PRISM-games: Property Specification

Specification of properties to be checked in PRISM-games is based on the temporal logic rPATL [CFK+12, CFK+13b], which combines elements of the probabilistic temporal logic PCTL for MDPs, the logic ATL for games and agent-based systems, and extensions of PRISM's reward operators. The properties can be divided into:

zero-sum properties, where one coalition of players tries to optimise/satisfy an objective (maximising/minimising a probability/reward) while the remaining players form a second coalition with the opposite objective;
nonzero-sum properties, where the players are divided into two coalitions, each with a separate objective (maximising/minimising a probability/reward), and the coalitions try to find an equilibrium for these objectives.

For the formal syntax and semantics of zero-sum properties see [CFK+13b] for SMG/TSGs and [KNPS18] for CSGs. For the case of nonzero-sum properties, see [KNPS19, KNPS22].

Zero-Sum Properties

Some simple zero-sum property are listed below.

// player 1 can ensure that within 3 steps 
// a state in which the variable c equals 2 is reached
// no matter the behaviour of the other players
<<1>> P>=0.84 [ F<=3 c=2 ]

// what is the minimum probability player 1 can ensure that 
// within 3 steps a state in which the variable c equals 2 is reached
// no matter the behaviour of the other players
<<1>> Pmin=? [ F<=3 c=2 ]

// what is the maximum probability player 1 can ensure that
// eventually a state in which the variable h equals 2 and variable c equals 0 is reached
// no matter the behaviour of the other players
<<1>> Pmax=? [ F (h=2 & c=0) ]

In general, <<...>> contains a coalition of players for which strategies are required. Some further (generic) example properties of the P operator are listed below.
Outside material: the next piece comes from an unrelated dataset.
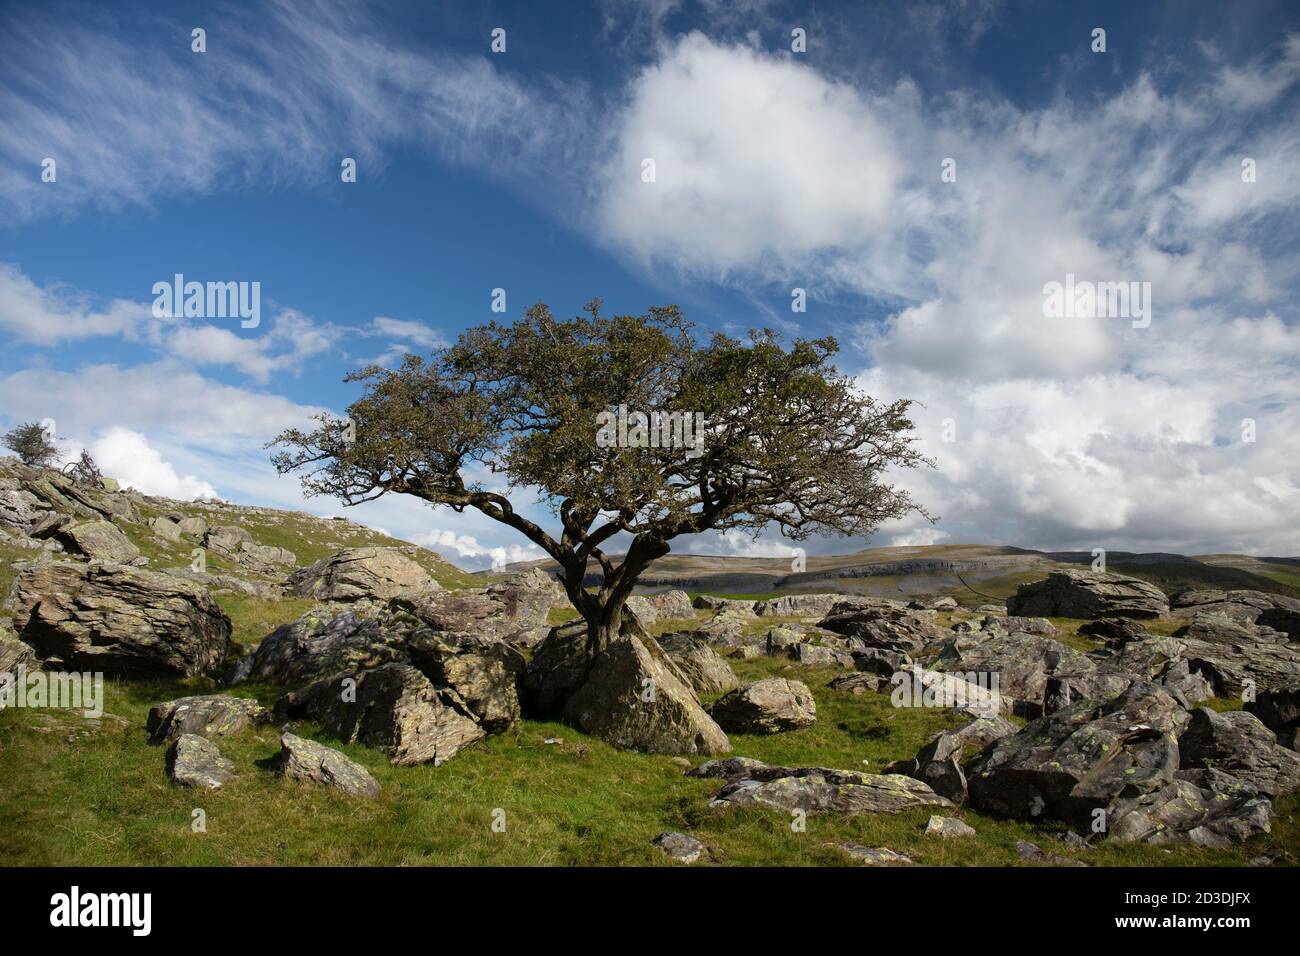 Lone Rowan or Mountain Ash and Erratic boulders at Norber Brow, above Austwick, Crummackdale, North Yorkshire, Yorkshire Dales National Park, UK. Stock Photo

// Players 4 and 5 can ensure that the probability
// of reaching an "end"-state within 100 time-steps is >= 0.95
<<4,5>> P>=0.95 [ F<=100 "end" ]

// The maximum probability that players p1 and p2 can guarantee of
// of reaching a "b"-state within k steps, whilst not passing through any "c"-states,
// no matter the behaviour of the other players
<<p1,p2>> Pmin=? [ !"c" U<=k "b" ]

// The maximum probability with which players p1 and p2
// can guarantee that an "end"-state is reached
<<p1,p3>> Pmax=? [ F "end"]

// Players 1, 2 and 3 can guarantee that the probability
// of reaching a "b"-state, whilst passing only through "a"-states, is > 0.5
<<1,2,3>> P>0.5 [ "a" U "b" ]

Specifications of rPATL coalitions (within <<..>>) can use either the player names or their indices separated by commas. Player numbering is determined by the order or their specification in the model file, starting from 1. To specify the empty set of players, use <<>>.
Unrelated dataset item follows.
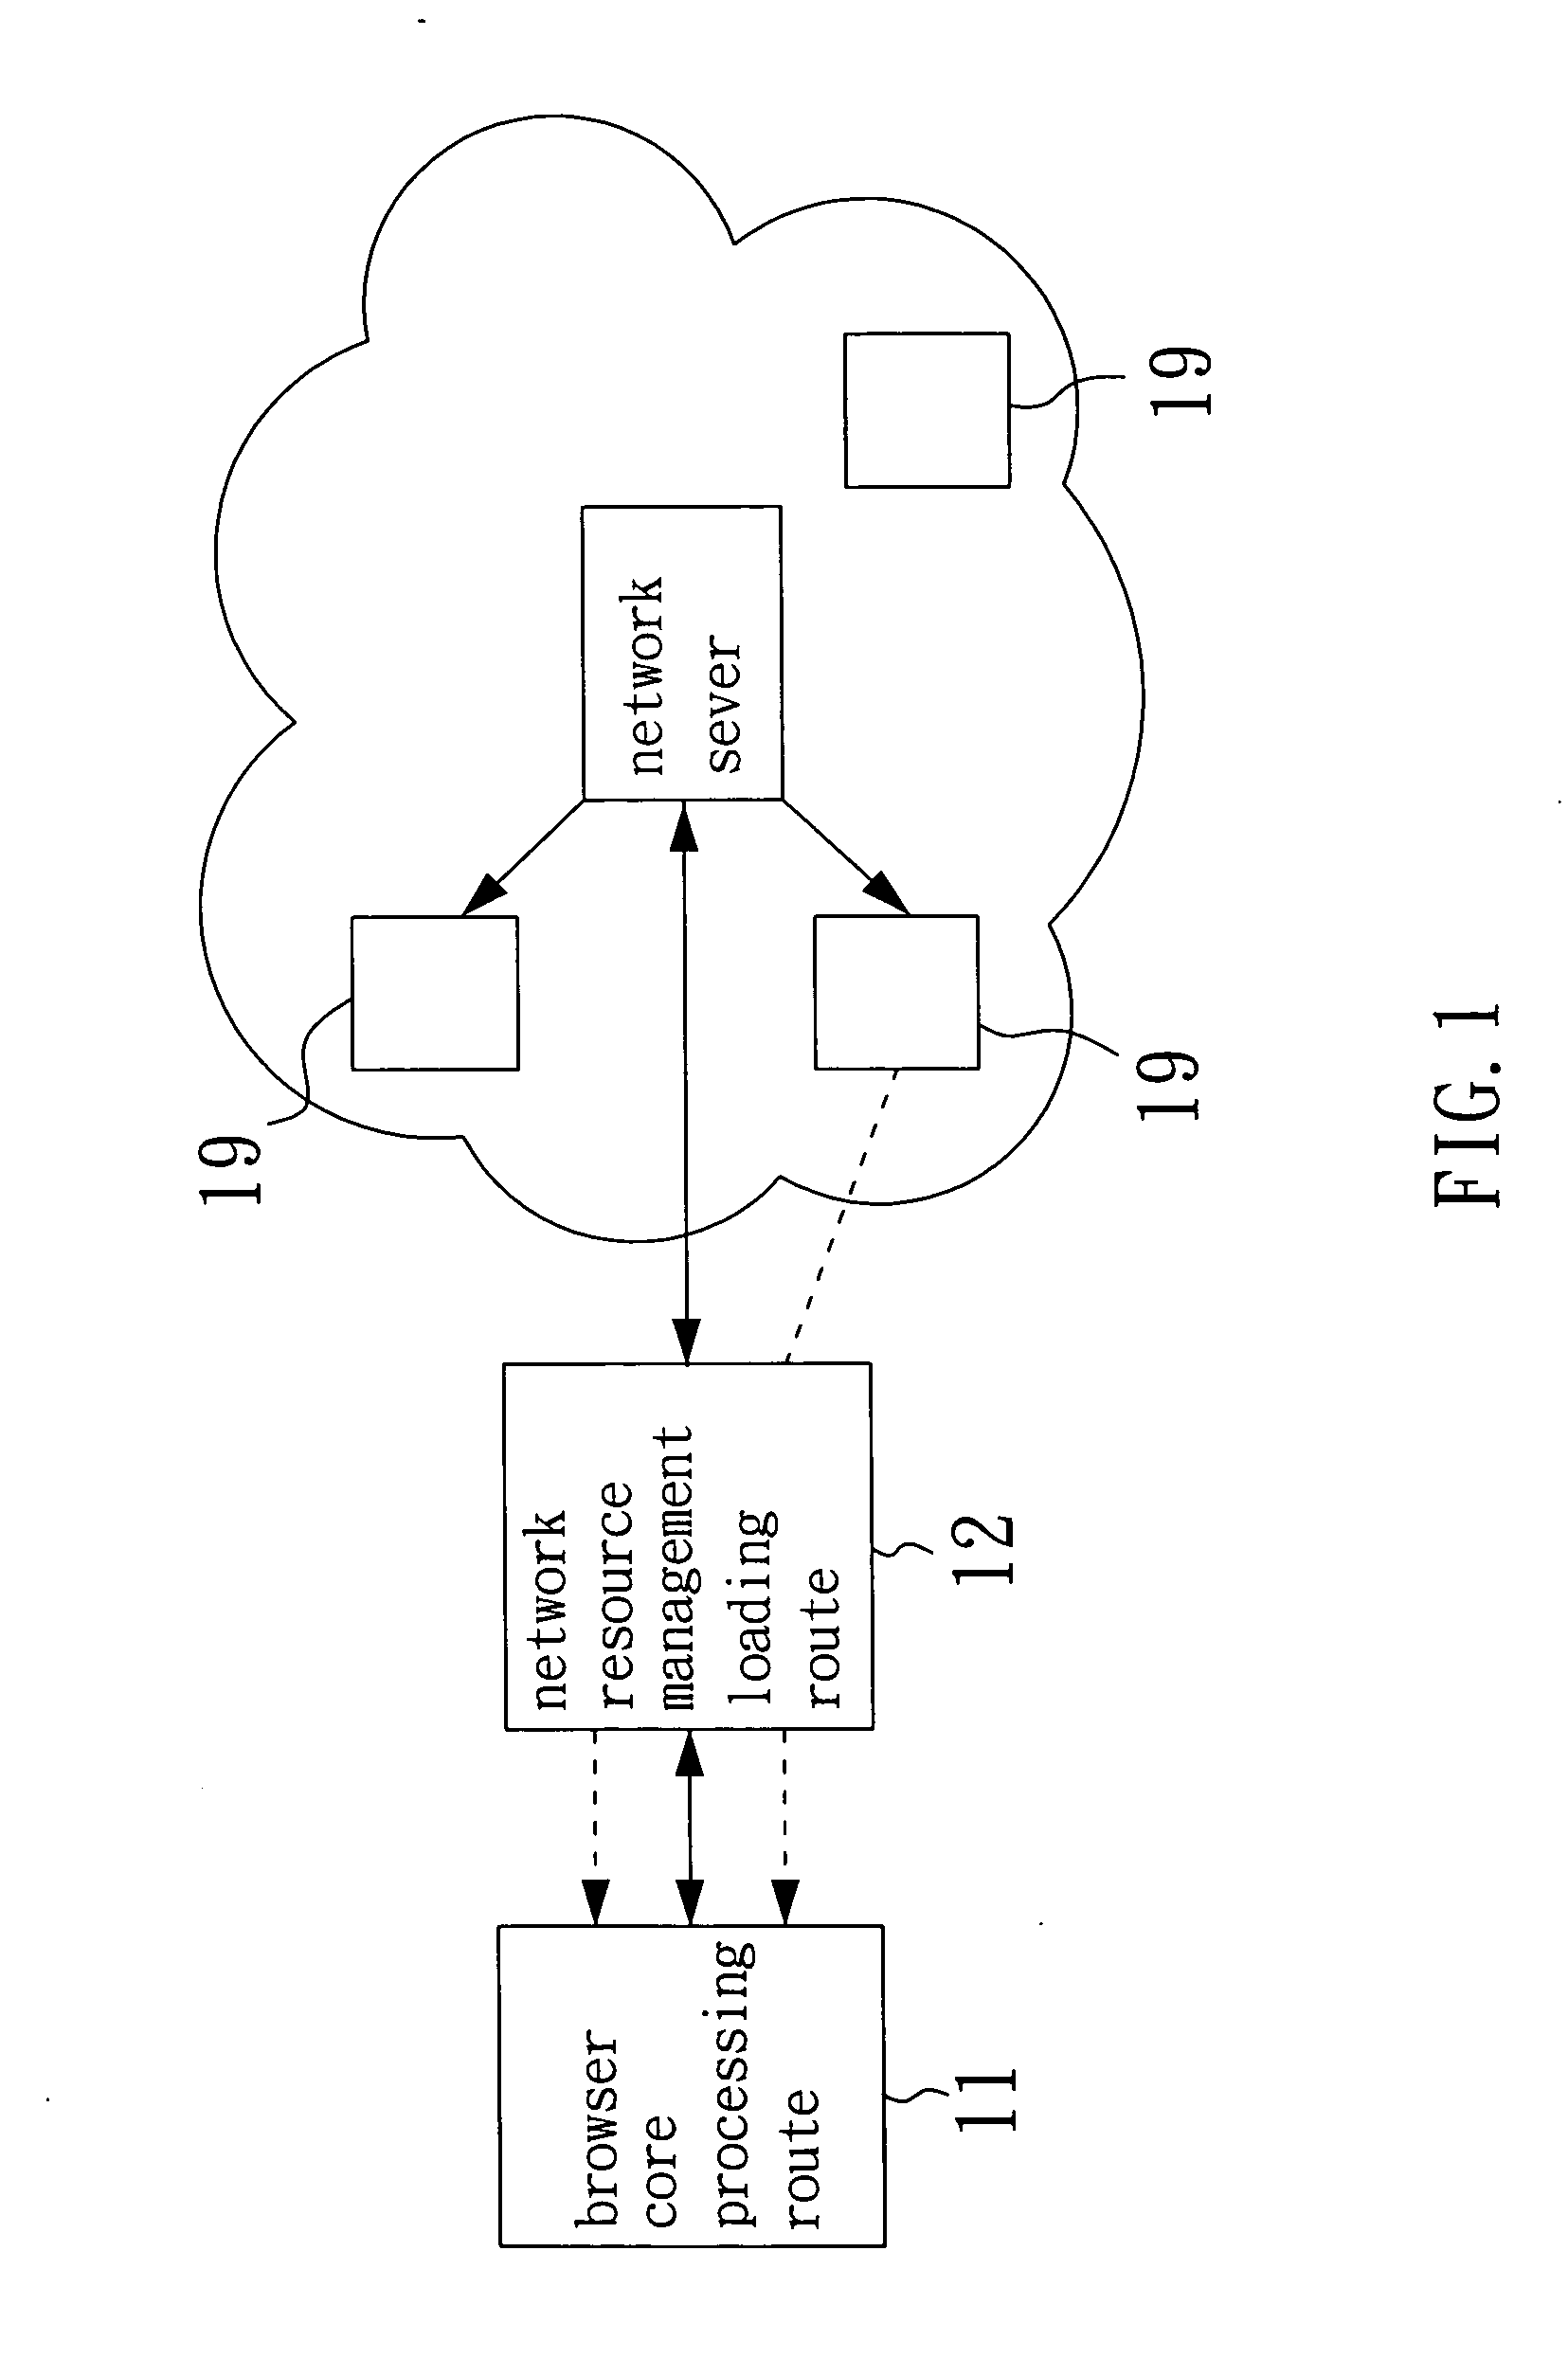 Method and system for dynamically determining web resource to be loaded and saving space

PRISM-games also has a variety of reward-based properties (see [CFK+12, CFK+13b] for details):

// The maximum expected (state) reward "r" at the k step
// that can be guaranteed by player 1
<<1>> R{"r"}max=? [ C<=k ]

// The minimum expected reward "r" accumulated over the first k steps
// that can be guaranteed by player p2
<<p2>> R{"r"}min=? [ C<=k ]

// The expected total value for reward structure "r"
// that can be guaranteed by player 1 is at least 2.5
<<1>> R{"r"}>=2.5 [ C ]

// The maximum expected value of reward "r" accumulated before
// reaching "success" that can be guaranteed by player p1
<<p1>> R{"r"}max=? [ F "success" ]

// Under any possible strategy (for all players),
// the expected reward accumulated before reaching "finished" is > 100
<<>> R>100 [ F0 "finished" ]

// The minimum expected reward accumulated before reaching "fail"
// that can be guaranteed by players p2 and p5
<<p2,p5>> Rmin=? [ Fc "fail" ]

To use expected total rewards, the game must be a stopping game (i.e., terminal states with zero reward must be reached almost surely under all strategies).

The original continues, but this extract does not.